● Data extract:
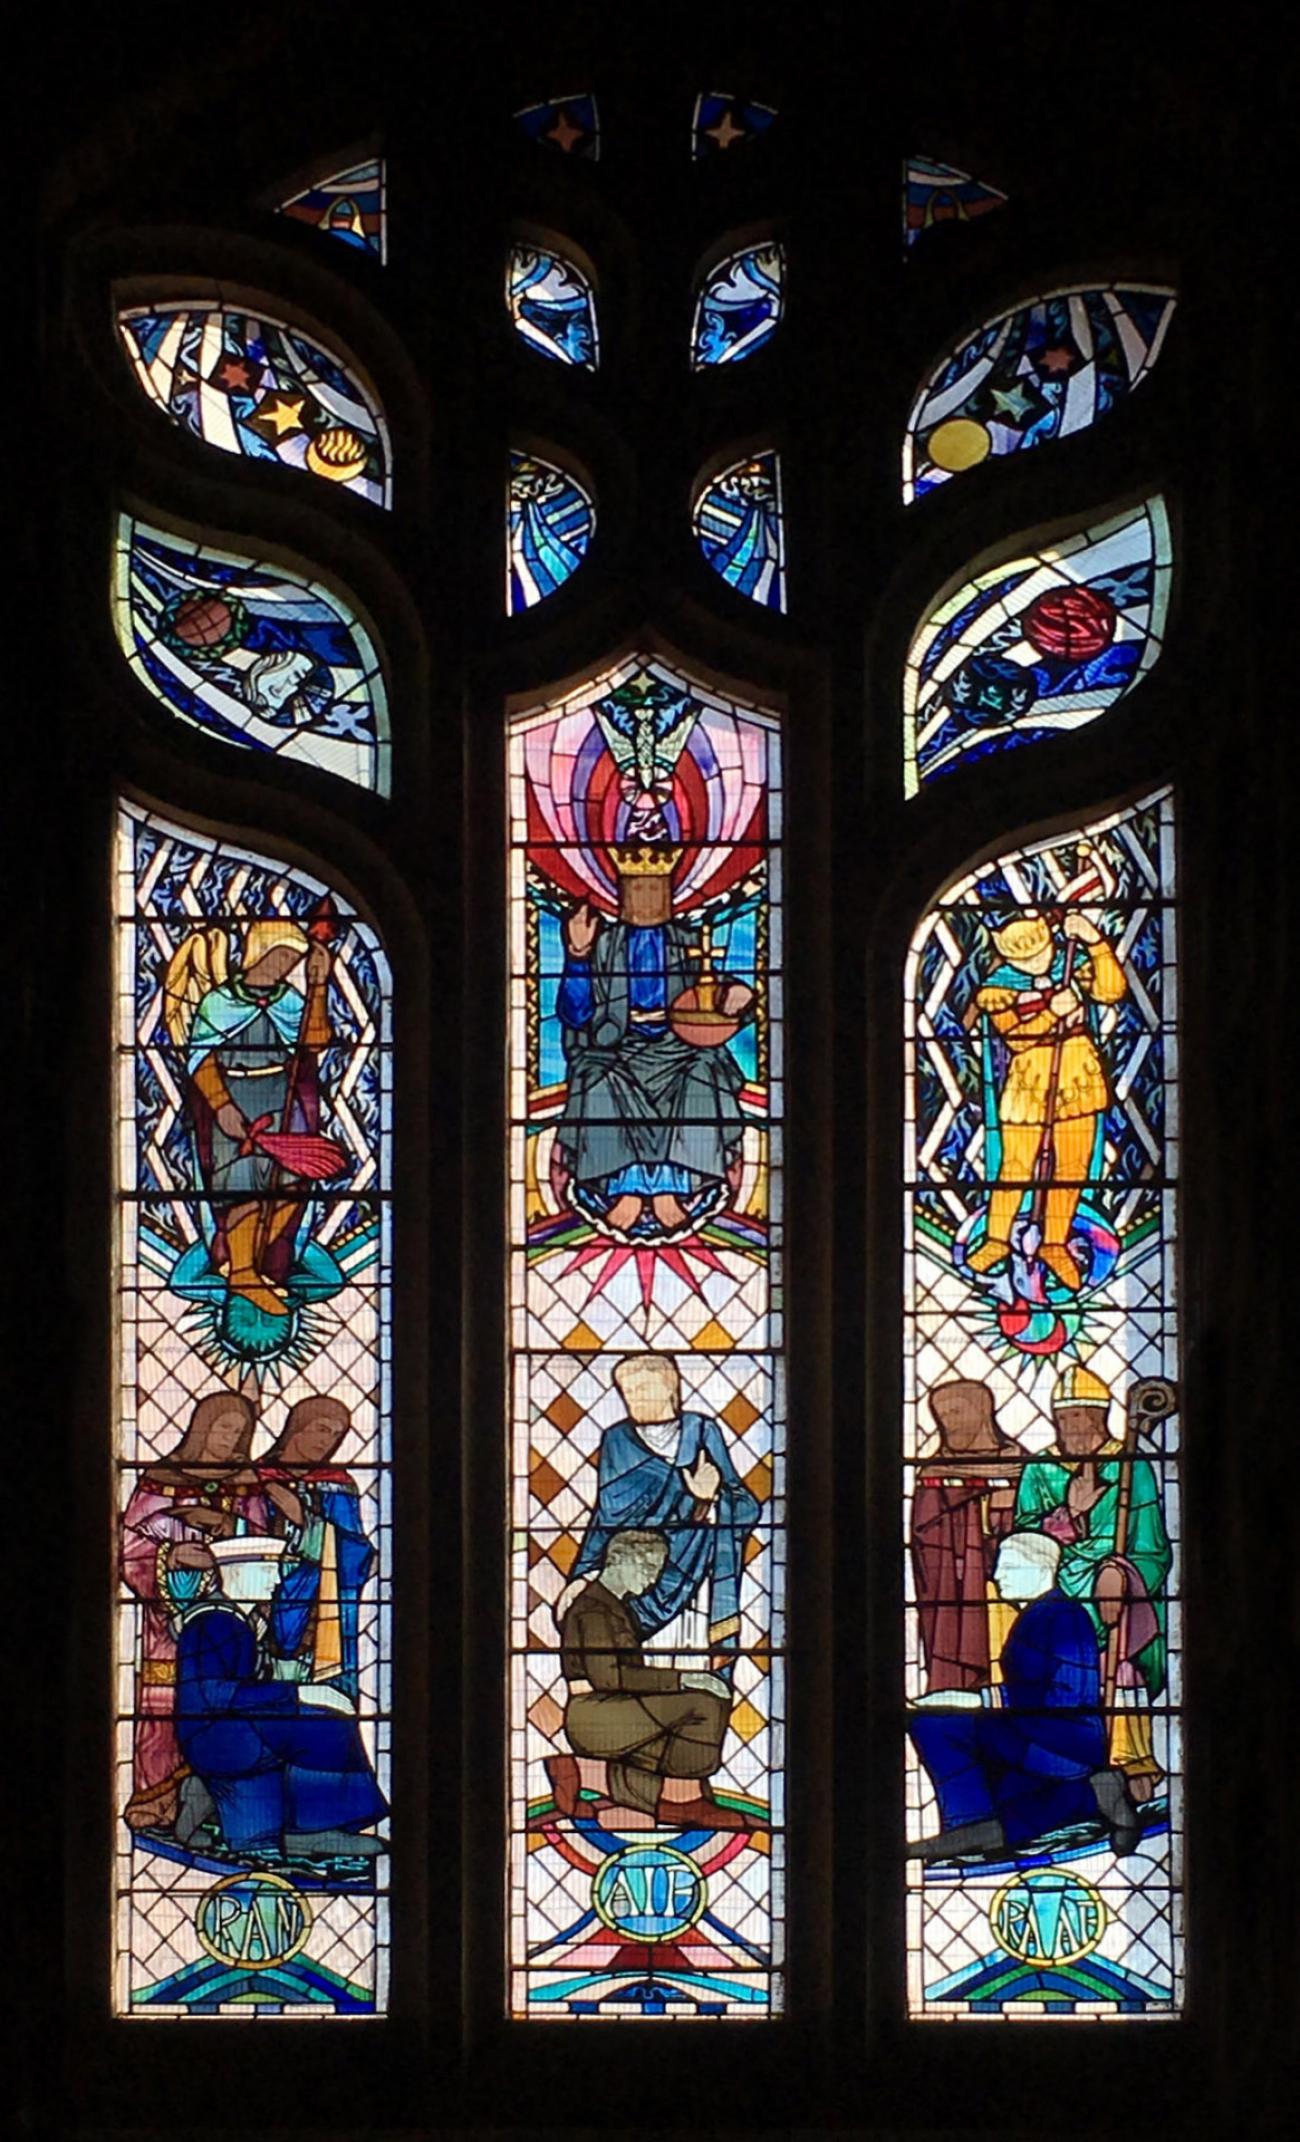 Saint George Anglican Church Memorial Windows, Parkes. Photograph provided by Cheryl Thompson, 2020.
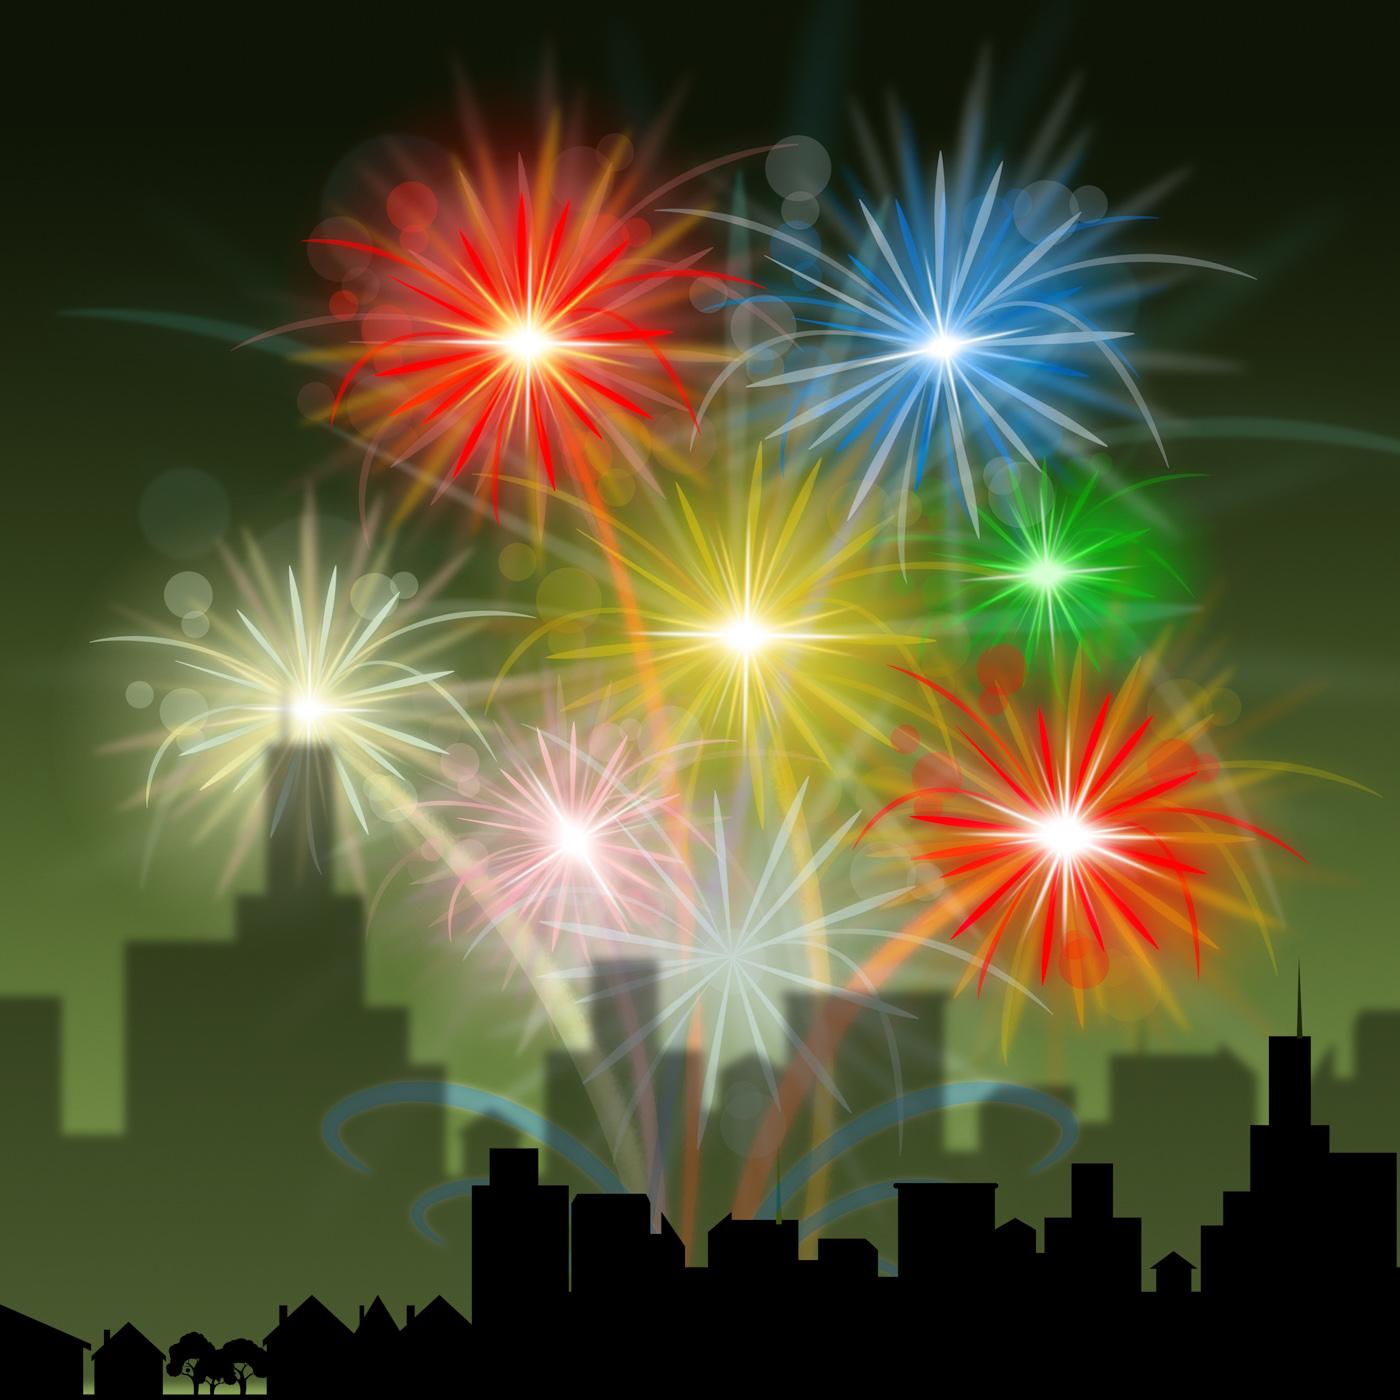 Fireworks City Indicates Night Sky And Celebration, Buildings, Festive, Pyrotechnics, Pyrotechnic, HQ Photo
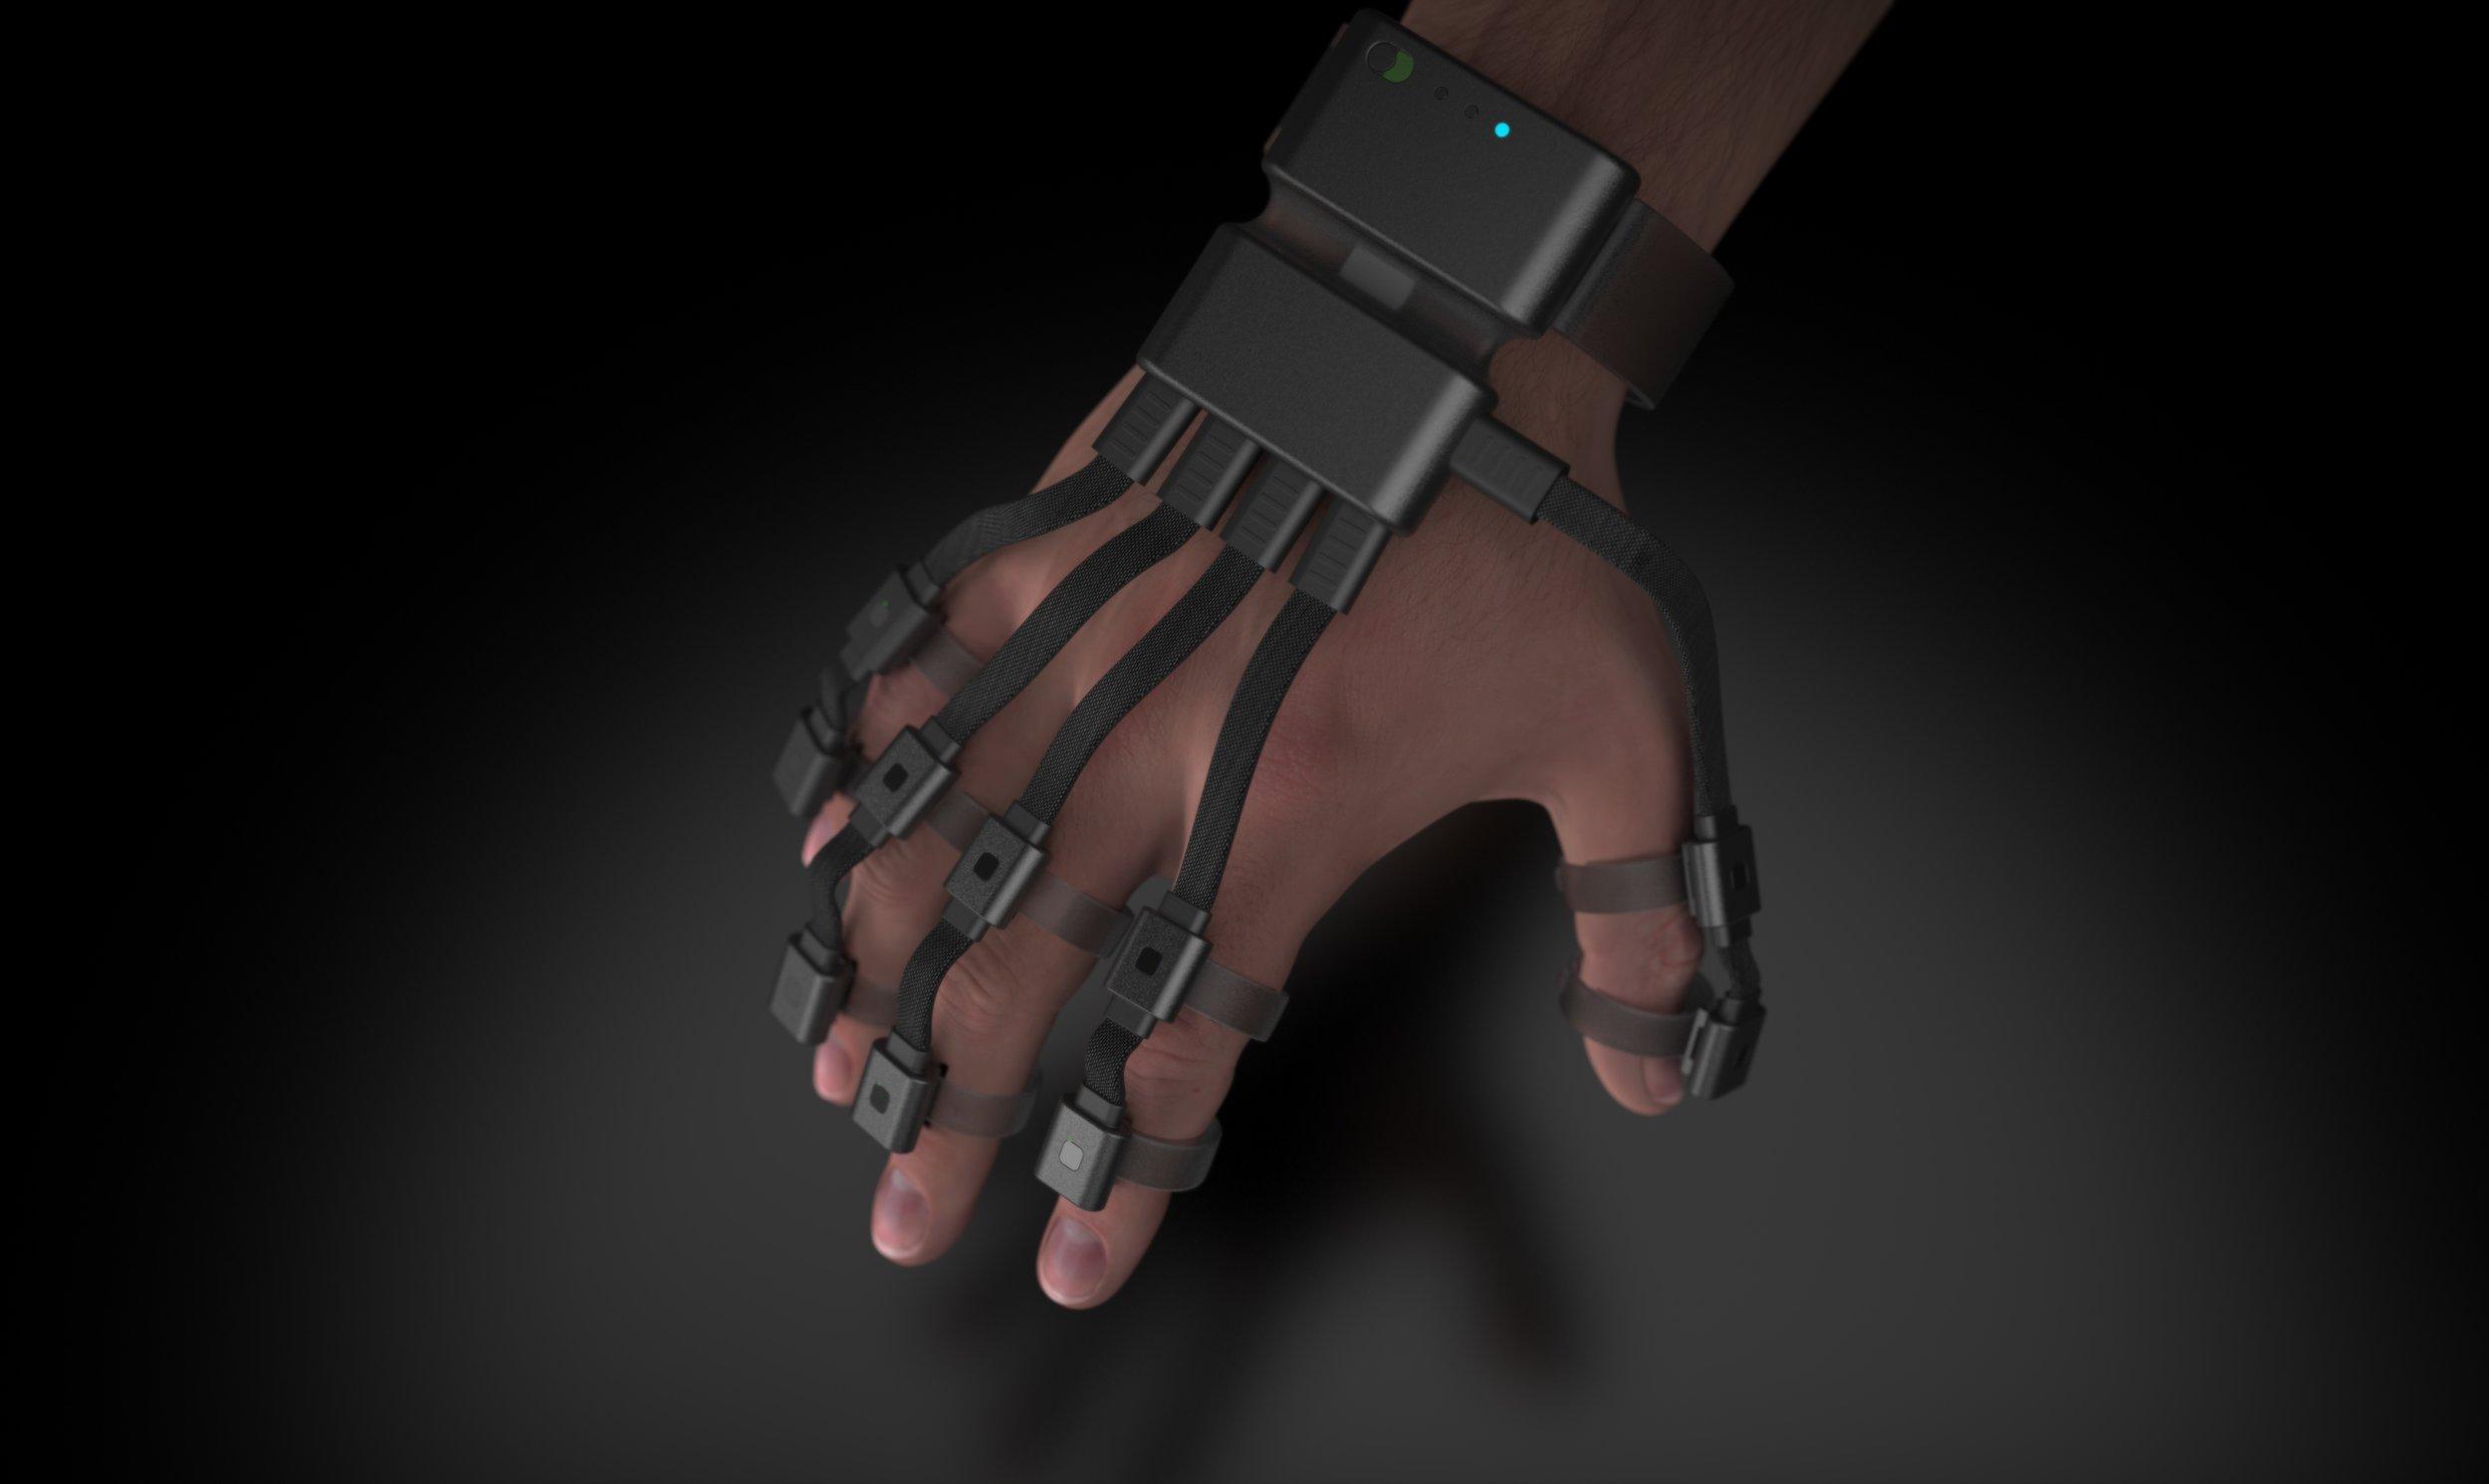 Hand master_03.1274.jpg

● What you have to do: An unaltered copy of the material, without images, should be set down.

● Response for this exercise:
 Saint George Anglican Church Memorial Windows, Parkes. Photograph provided by Cheryl Thompson, 2020.
 Fireworks City Indicates Night Sky And Celebration, Buildings, Festive, Pyrotechnics, Pyrotechnic, HQ Photo
 Hand master_03.1274.jpg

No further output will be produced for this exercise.